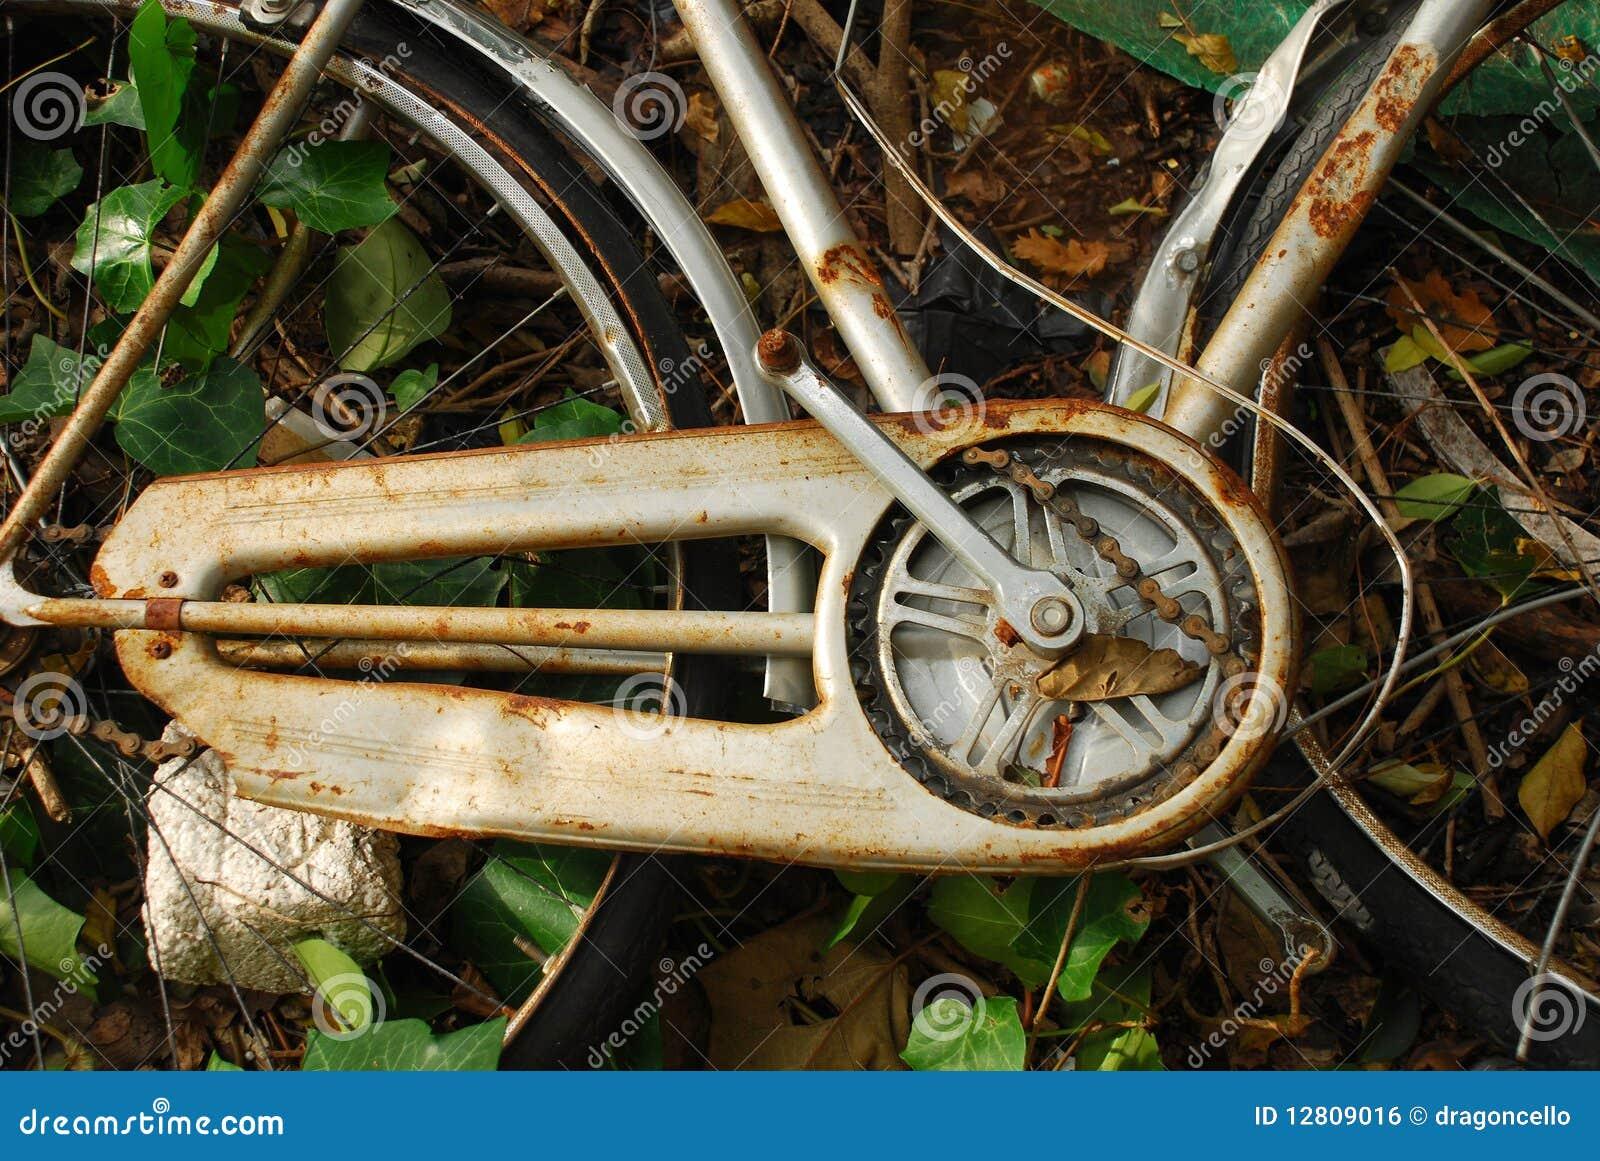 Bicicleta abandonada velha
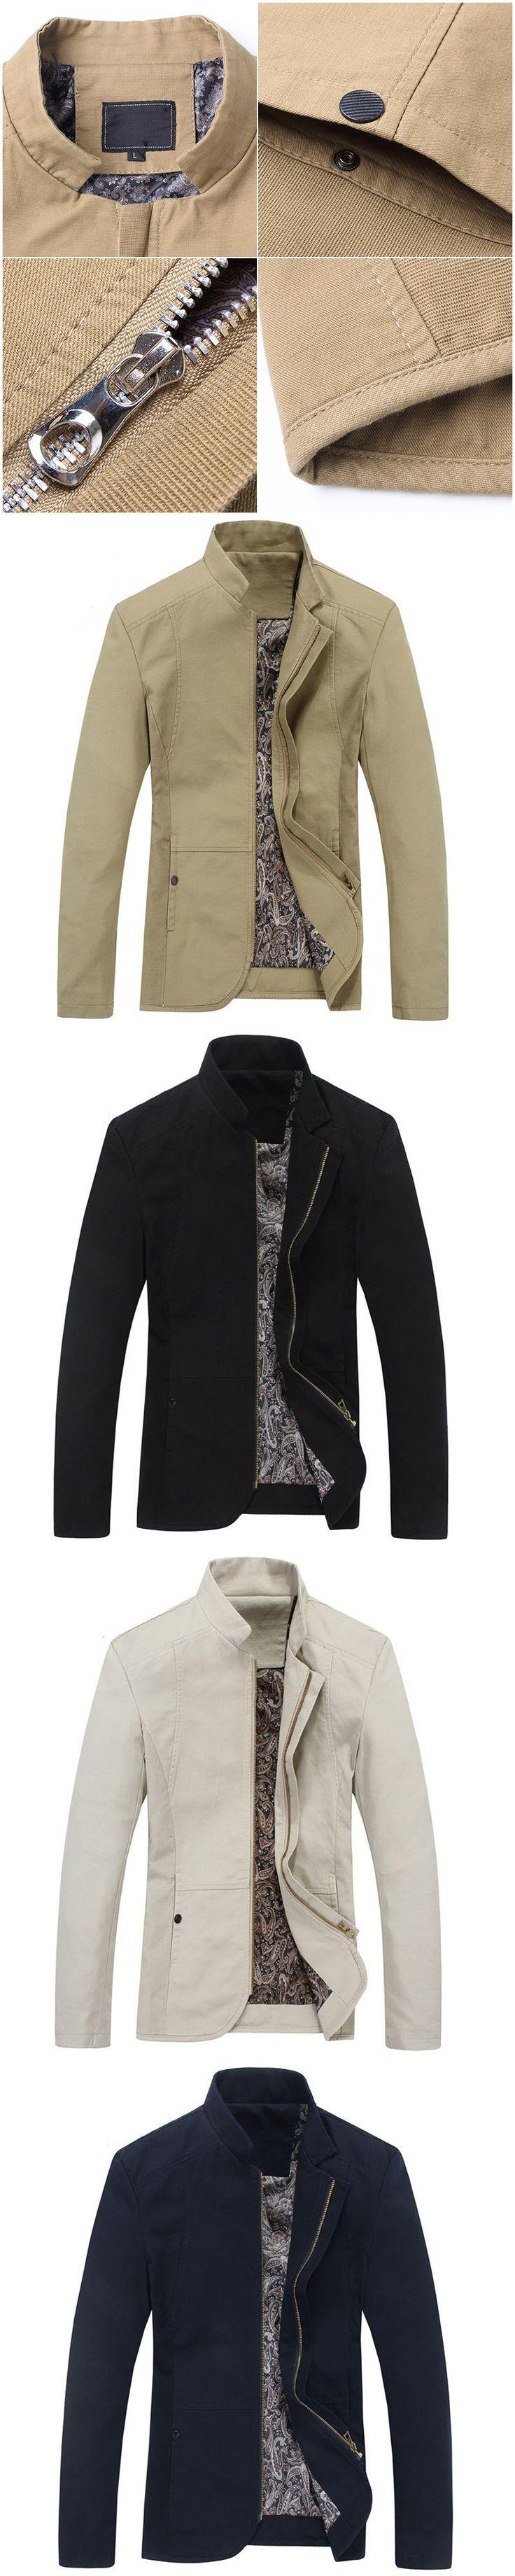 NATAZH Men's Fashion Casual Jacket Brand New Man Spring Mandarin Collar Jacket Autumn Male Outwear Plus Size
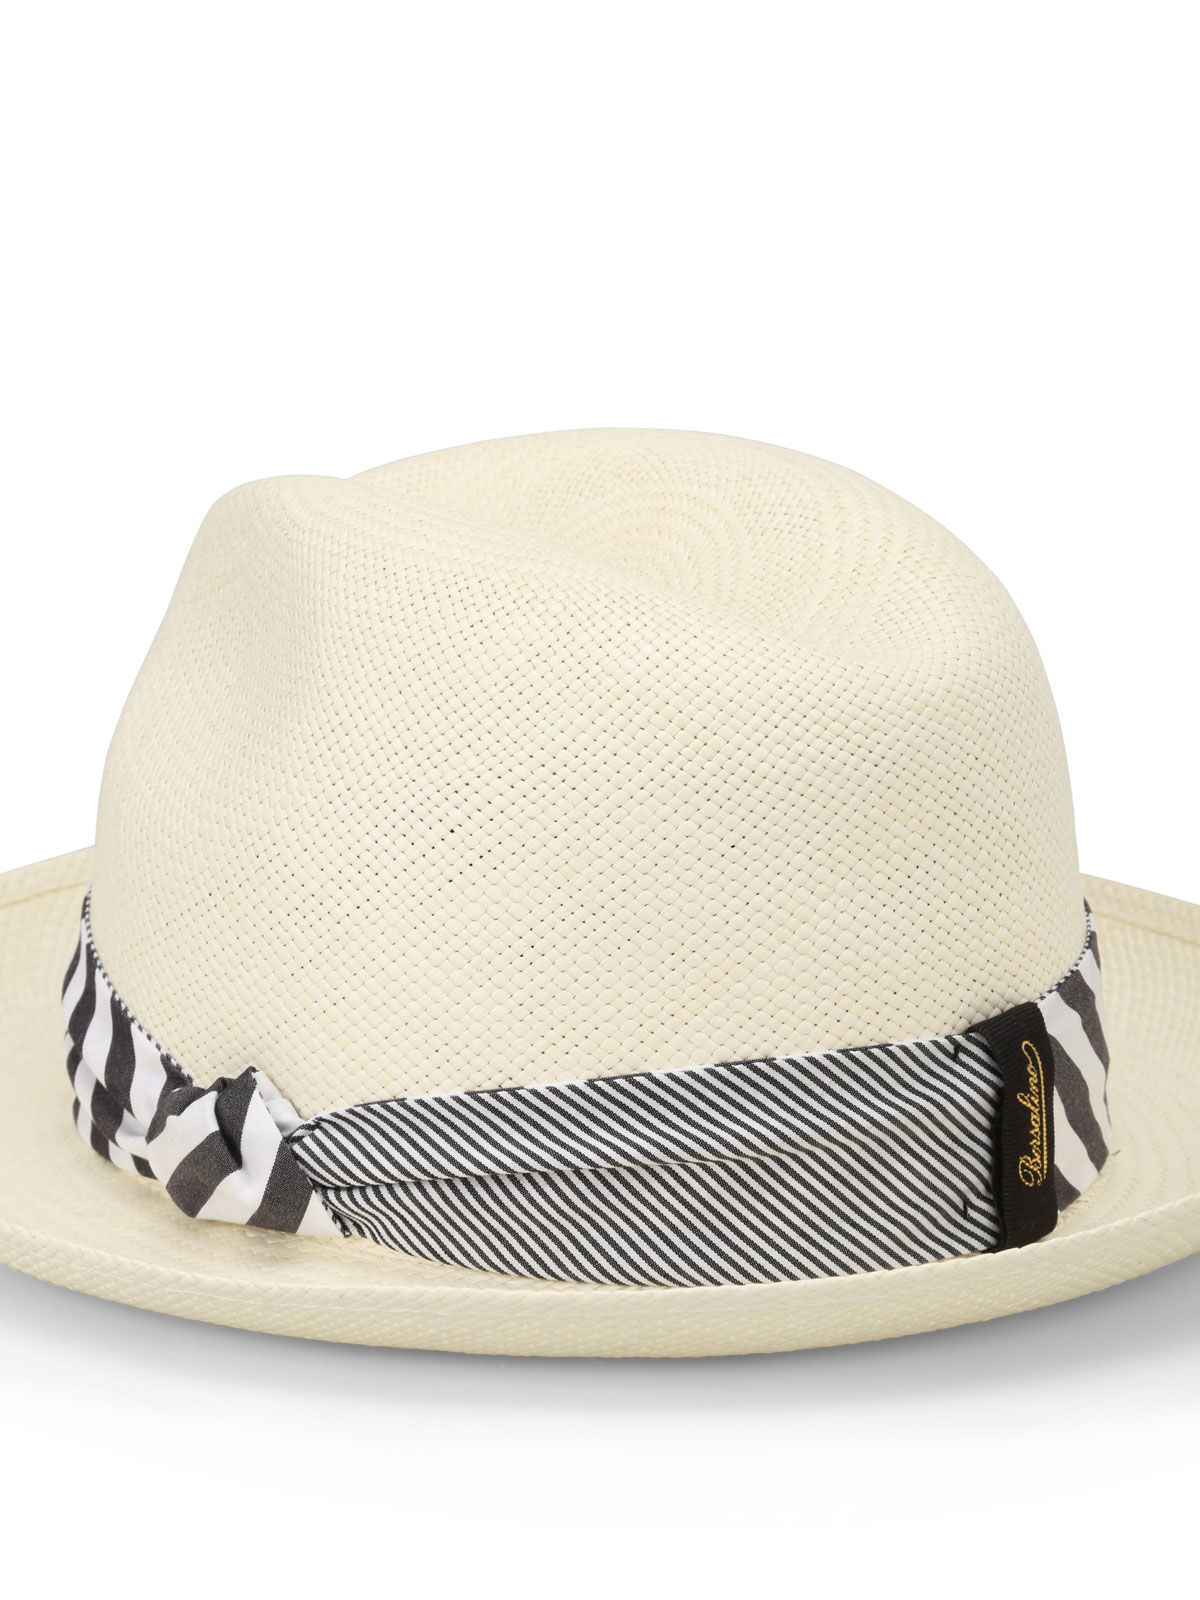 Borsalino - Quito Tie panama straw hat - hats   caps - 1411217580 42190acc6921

WHAT YOU ARE ASKED TO DO: The whole listing must be transcribed exactly. No pictures belong in the copy.

WRITTEN RESPONSE:
 Bicicleta abandonada velha
 NATAZH Men's Fashion Casual Jacket Brand New Man Spring Mandarin Collar Jacket Autumn Male Outwear Plus Size
 Borsalino - Quito Tie panama straw hat - hats   caps - 1411217580 42190acc6921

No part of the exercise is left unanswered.